** REQUIRED ACTION **
Would you print the lines below exactly, beginning at the line that has "schoonhovensche-courant-07816-1937-05-31-artikel-01" and stopping after the line that has "Gebraden gebakjes"? Only those lines, and no pictures.

** INPUT DATA **
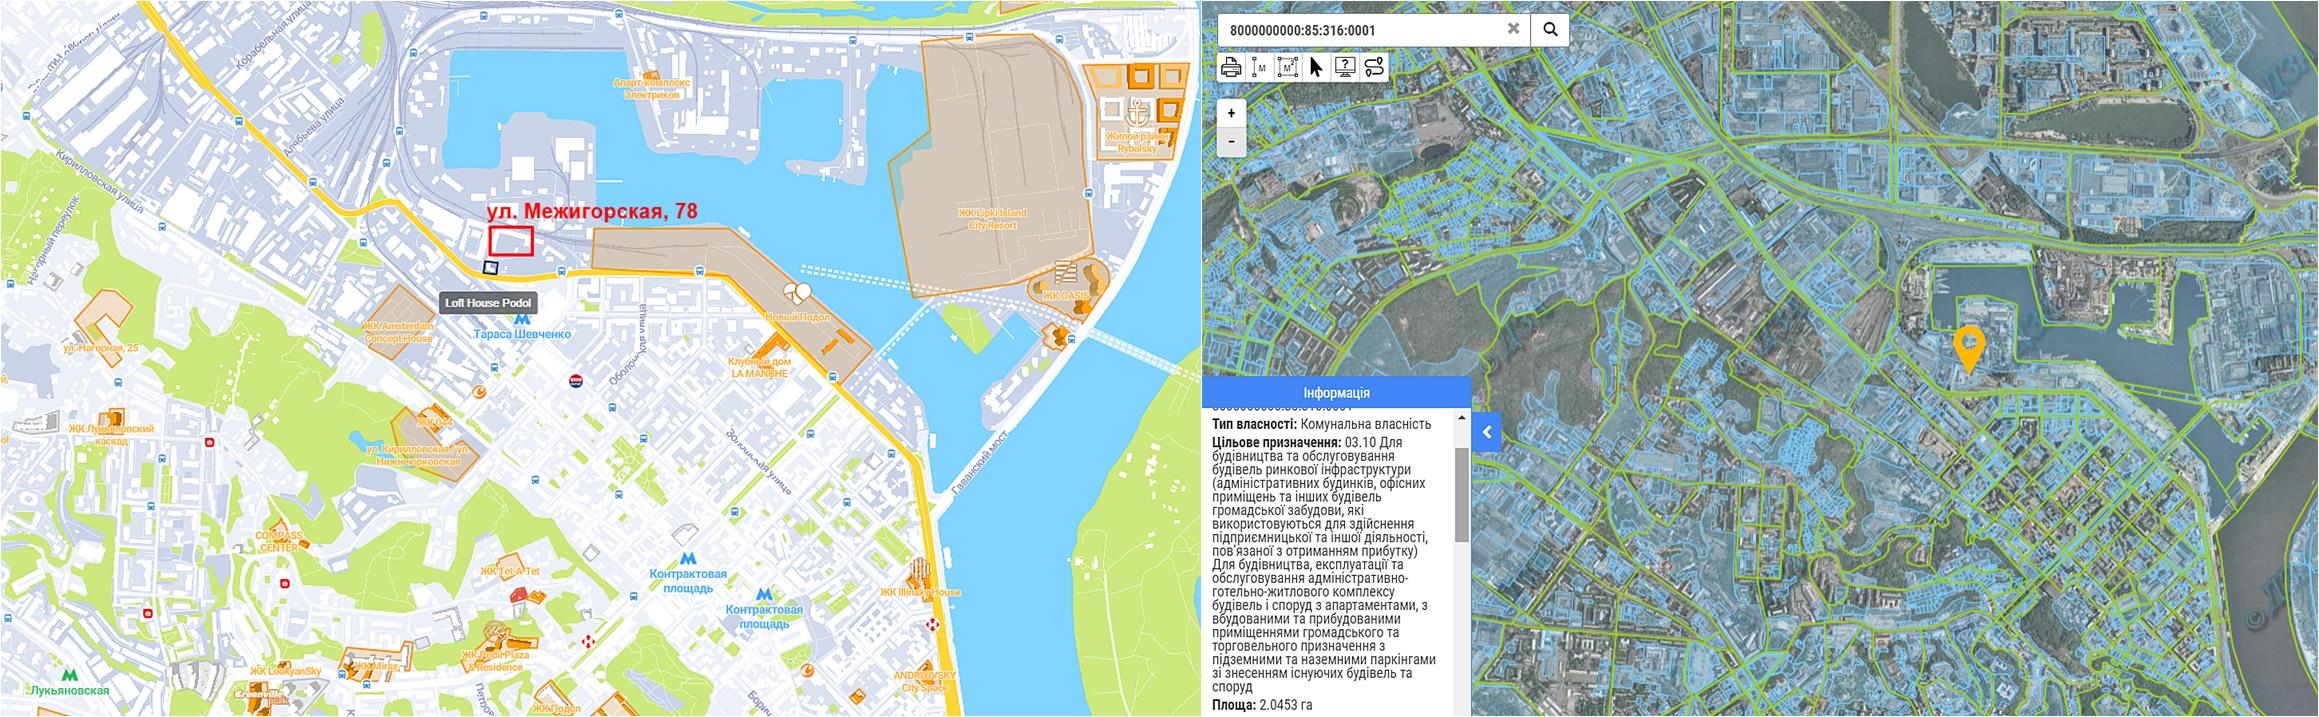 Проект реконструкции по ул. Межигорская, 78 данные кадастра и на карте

---

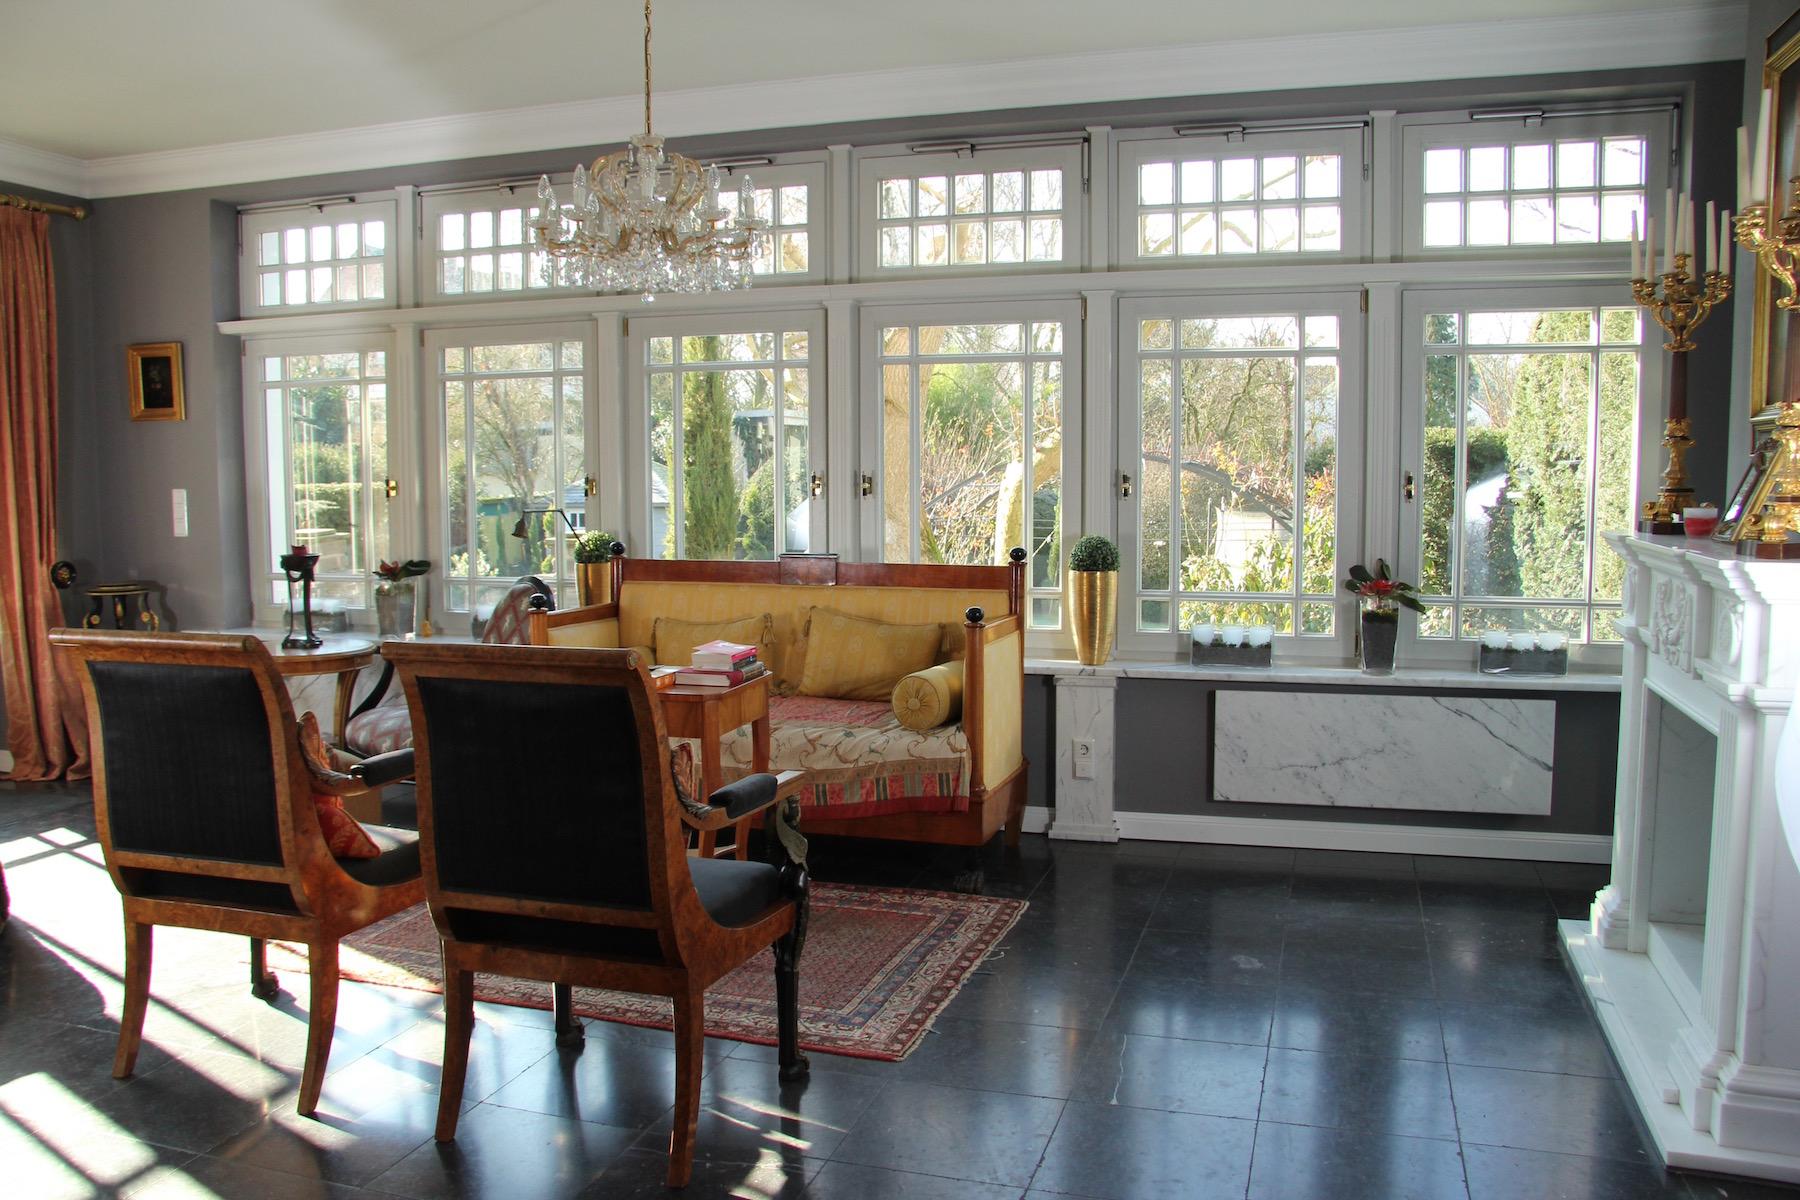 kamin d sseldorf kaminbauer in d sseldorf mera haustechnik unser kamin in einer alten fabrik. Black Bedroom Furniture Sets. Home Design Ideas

---

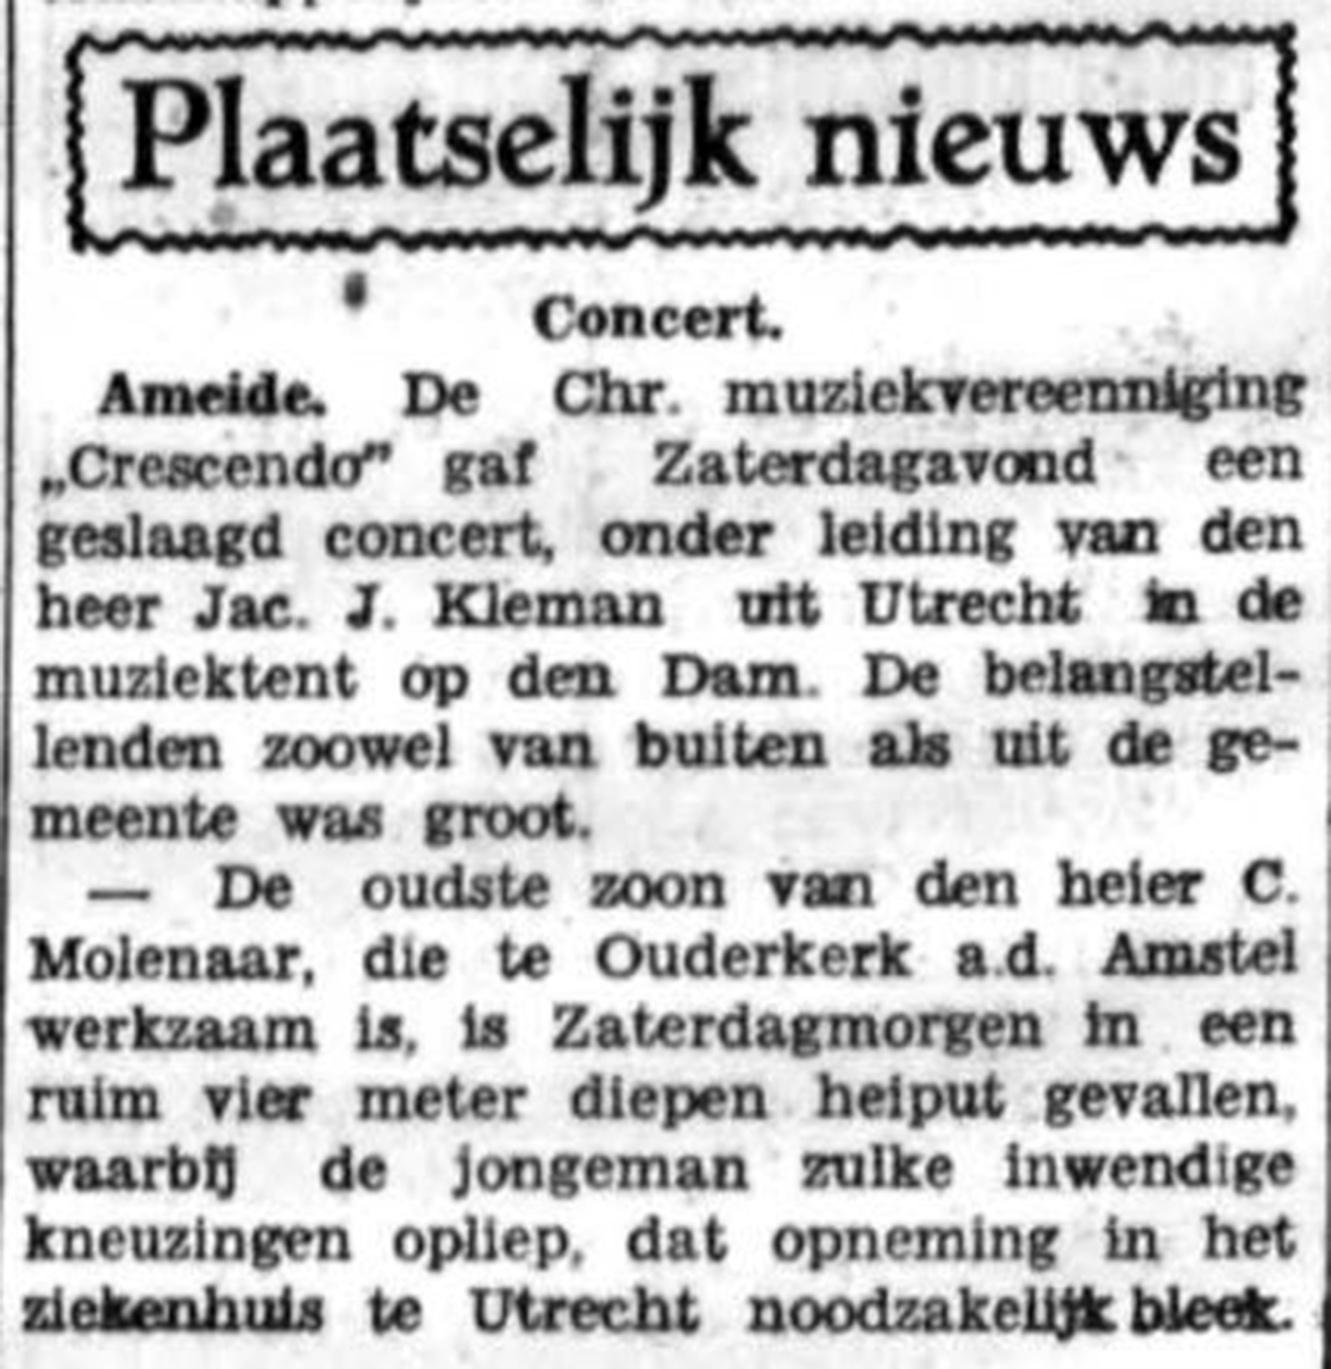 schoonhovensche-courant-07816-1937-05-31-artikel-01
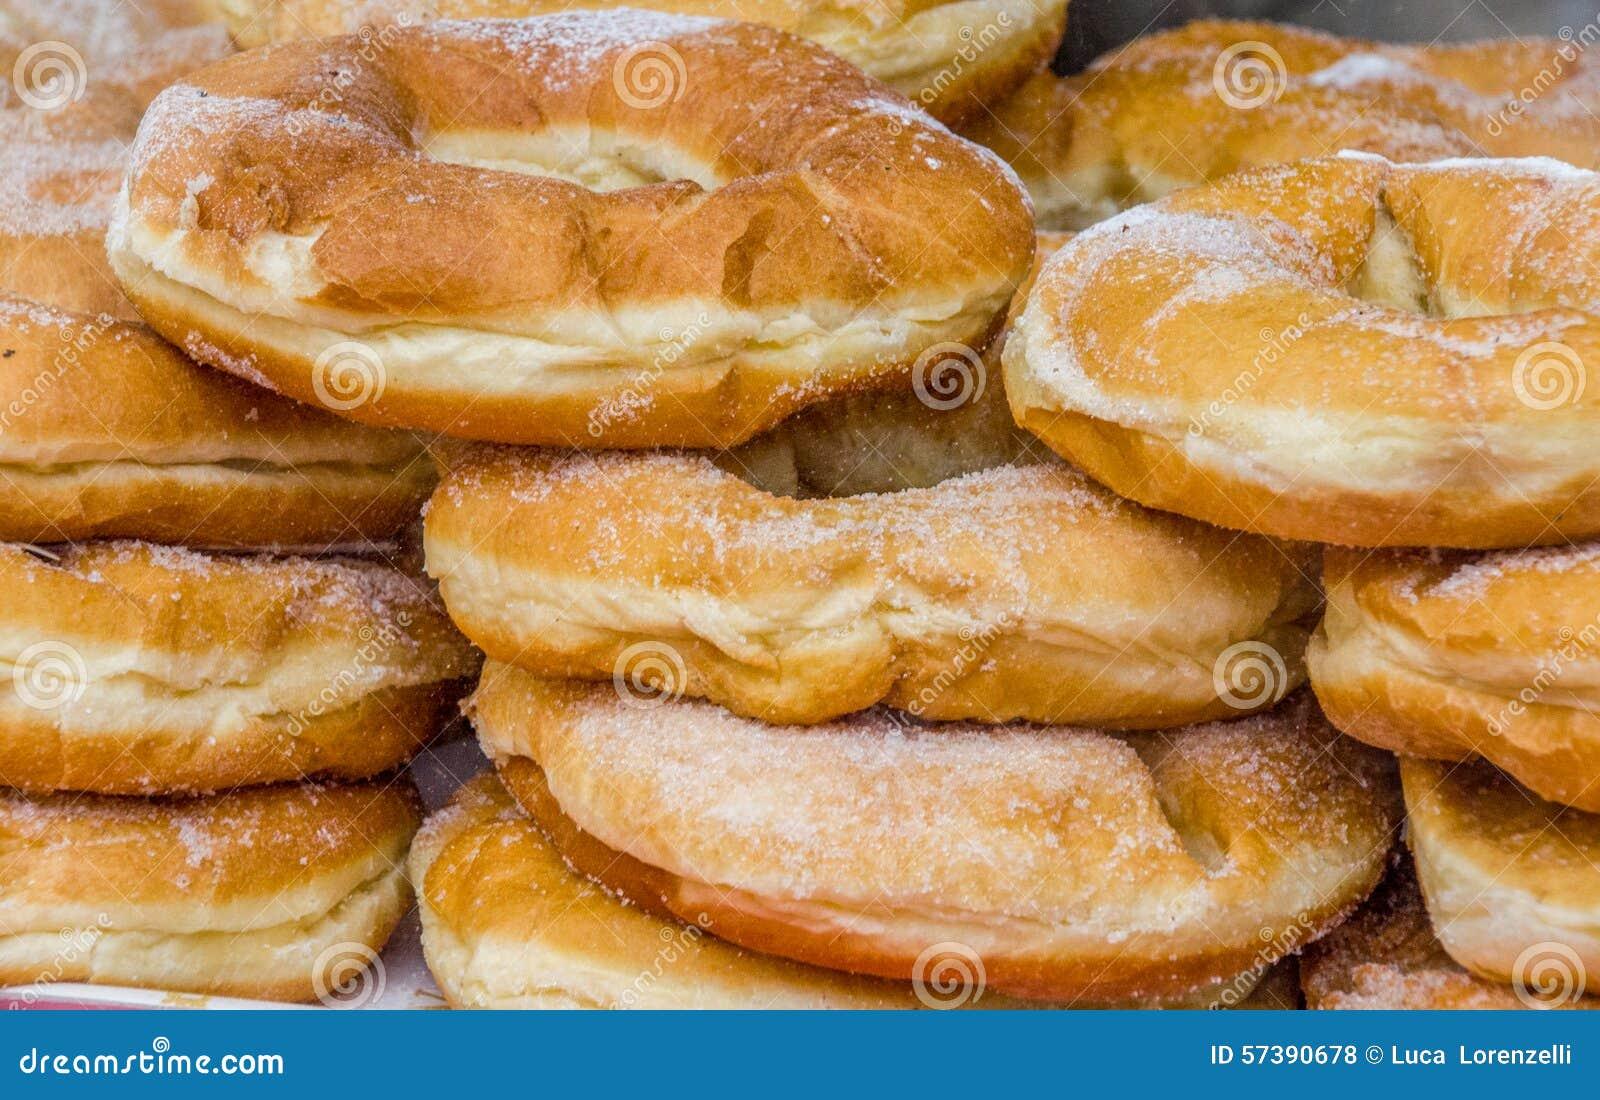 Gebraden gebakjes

** EXPECTED ANSWER **
 schoonhovensche-courant-07816-1937-05-31-artikel-01
 Gebraden gebakjes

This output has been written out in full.